External attack surface management firm WatchTowr conducted an examination of the JSONFormatter and CodeBeautify online platforms, revealing a critical vulnerability in their Recent Links feature. This functionality unintentionally granted access to JSON snippets that users had saved on the services’ servers, often for the purposes of temporary sharing or formatting. These snippets frequently contained highly sensitive corporate data.
The exposure mechanism was simple yet effective: when a user clicked the ‘save’ button, the platform generated a unique, public URL for that page. Crucially, this URL was then added to the user’s Recent Links page, which was implemented without any protection layer, leaving the saved content accessible to anyone who knew or could guess the link. The predictable, structured URL format of the Recent Links pages made them easy targets for basic scraping and retrieval.
Leveraging this lack of protection, WatchTowr’s researchers successfully scraped these public “Recent Links” pages. By pulling the raw data using the platforms’ getDataFromID API endpoints, they amassed a significant dataset. This collection included over 80,000 user pastes, representing five years of data from JSONFormatter and one year from CodeBeautify, all containing various sensitive details.

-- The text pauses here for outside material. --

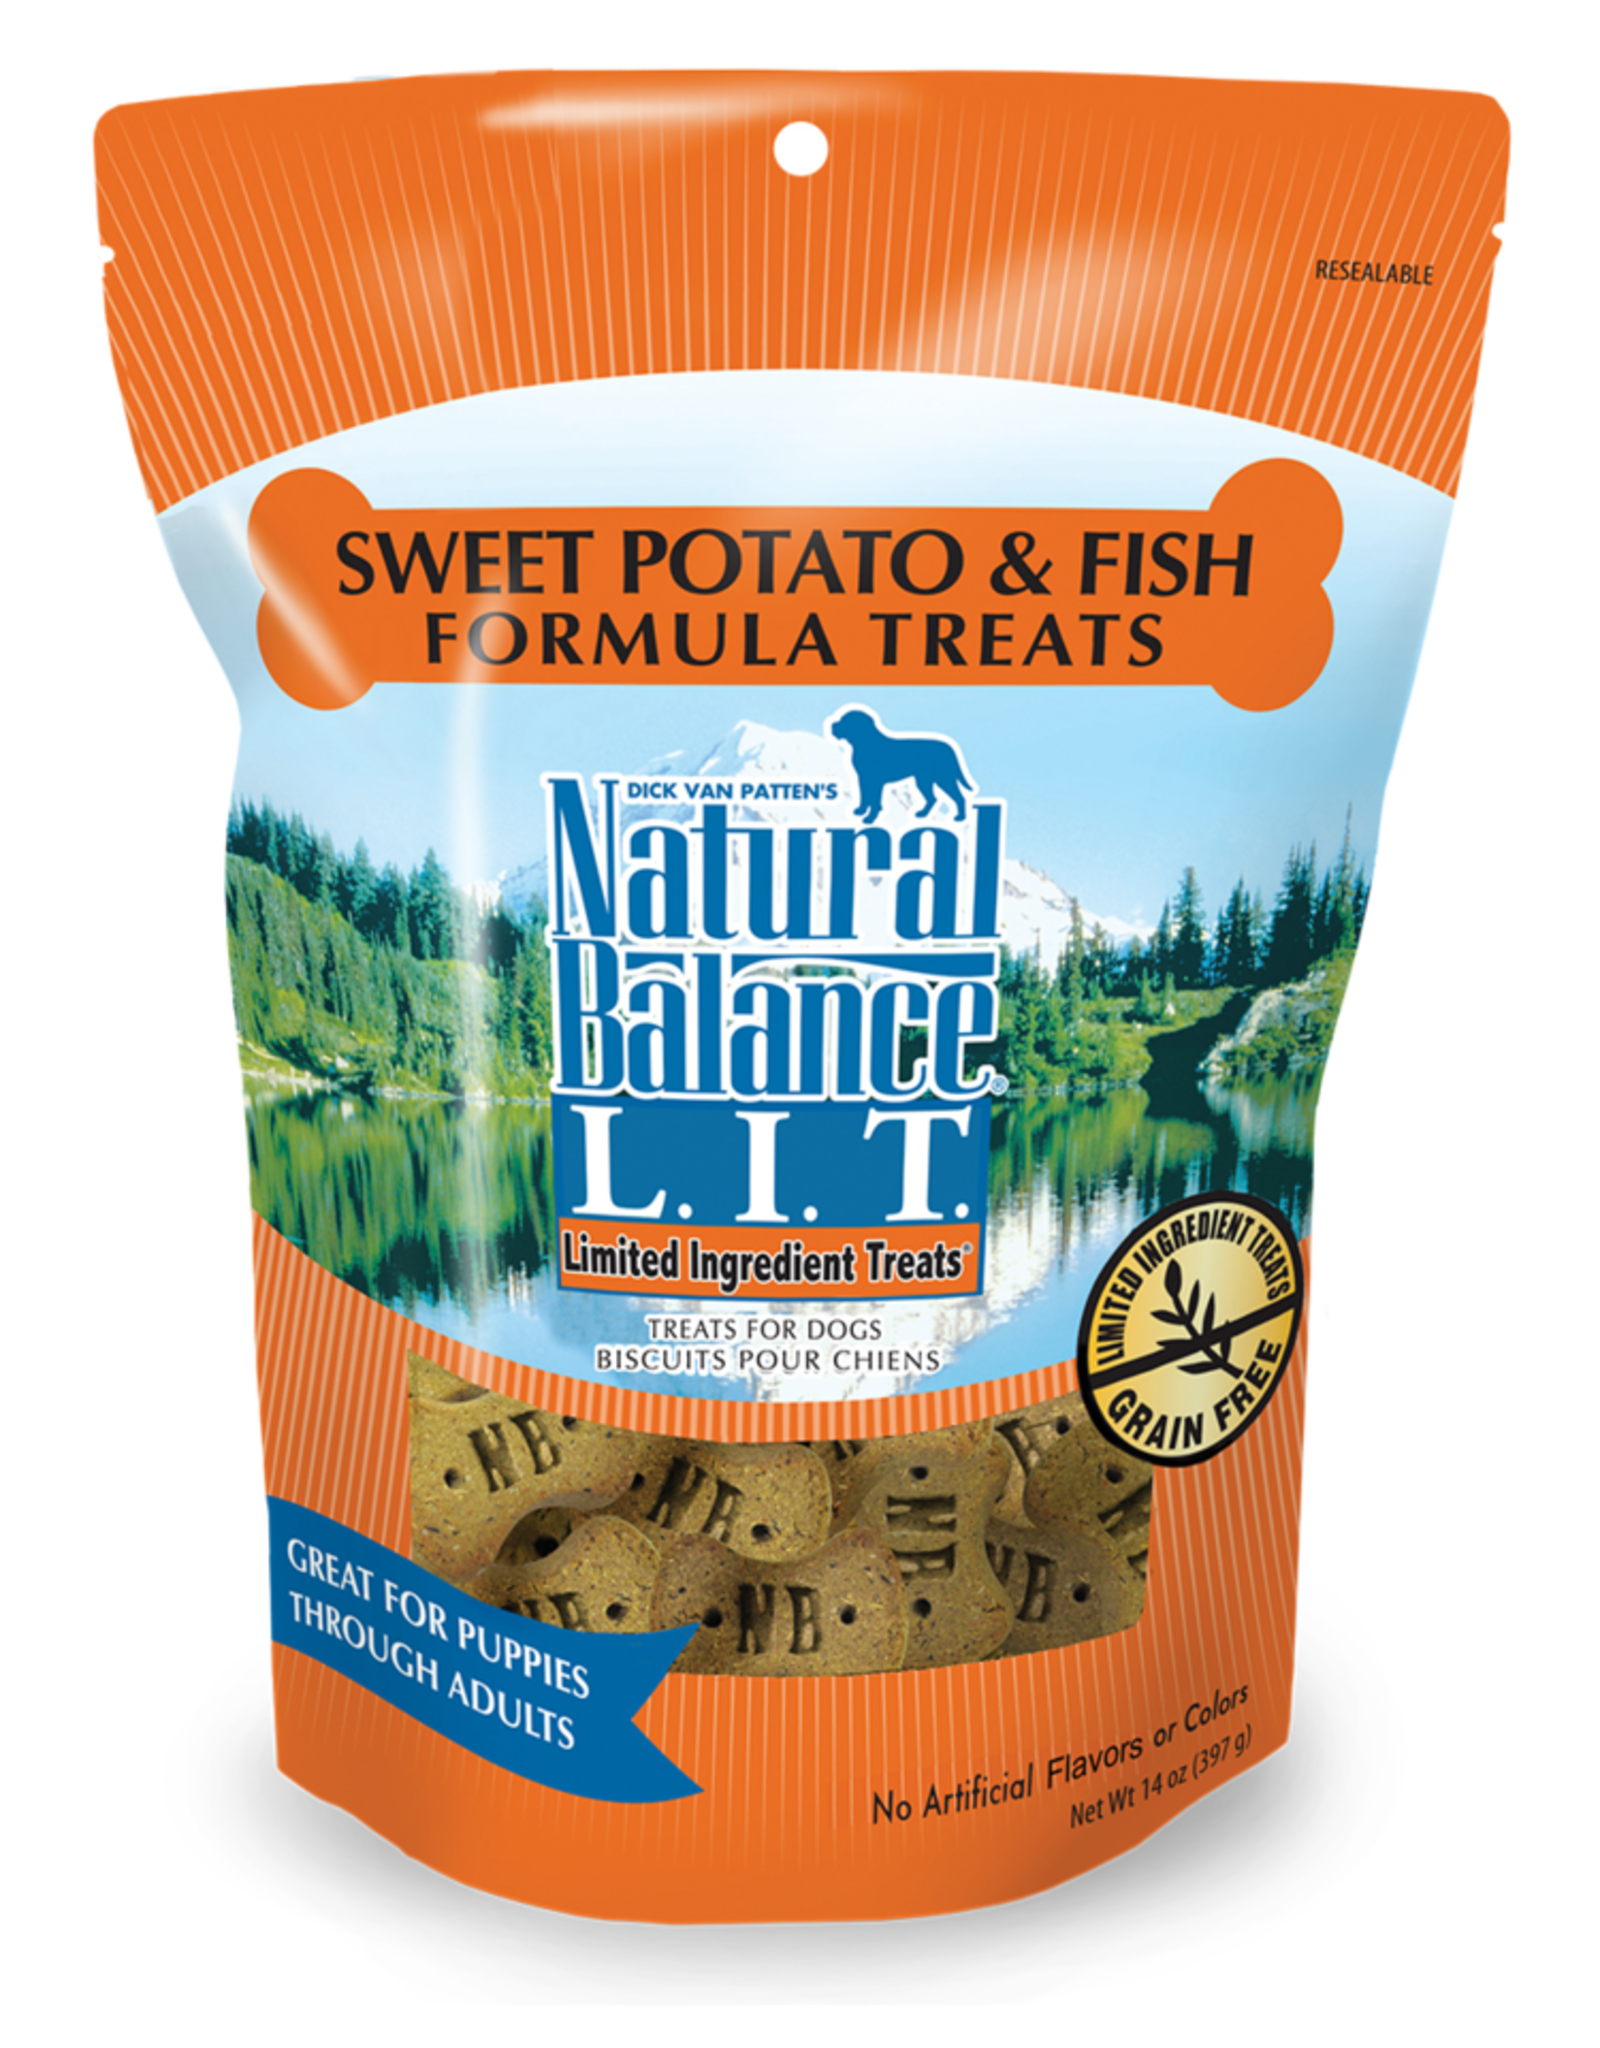 NATURAL BALANCE PET FOODS, INC NATURAL BALANCE CRUNCHY BISCUIT SWEET POTATO & FISH 14OZ

The range of exposed information was extensive and alarming, impacting numerous high-risk sectors like government, critical infrastructure, banking, insurance, aerospace, healthcare, education, cybersecurity, and telecommunications. The leaked data included: Active Directory credentials, cloud and database credentials, private keys, code repository tokens, CI/CD secrets, API tokens, payment gateway keys, and even SSH session recordings. Furthermore, large amounts of personally identifiable information (PII), including know-your-customer (KYC) data, were also discovered.
Specific examples highlighted the severity of the leak, such as finding an AWS credential set utilized by an international stock exchange’s Splunk SOAR system, and bank credentials exposed within an MSSP onboarding email. In another instance, researchers uncovered “materially sensitive information” belonging to a cybersecurity company. This sensitive content included encrypted credentials for a highly sensitive configuration file, SSL certificate private key passwords, external and internal hostnames and IP addresses, and detailed paths to critical files like keys, certificates, and configuration files.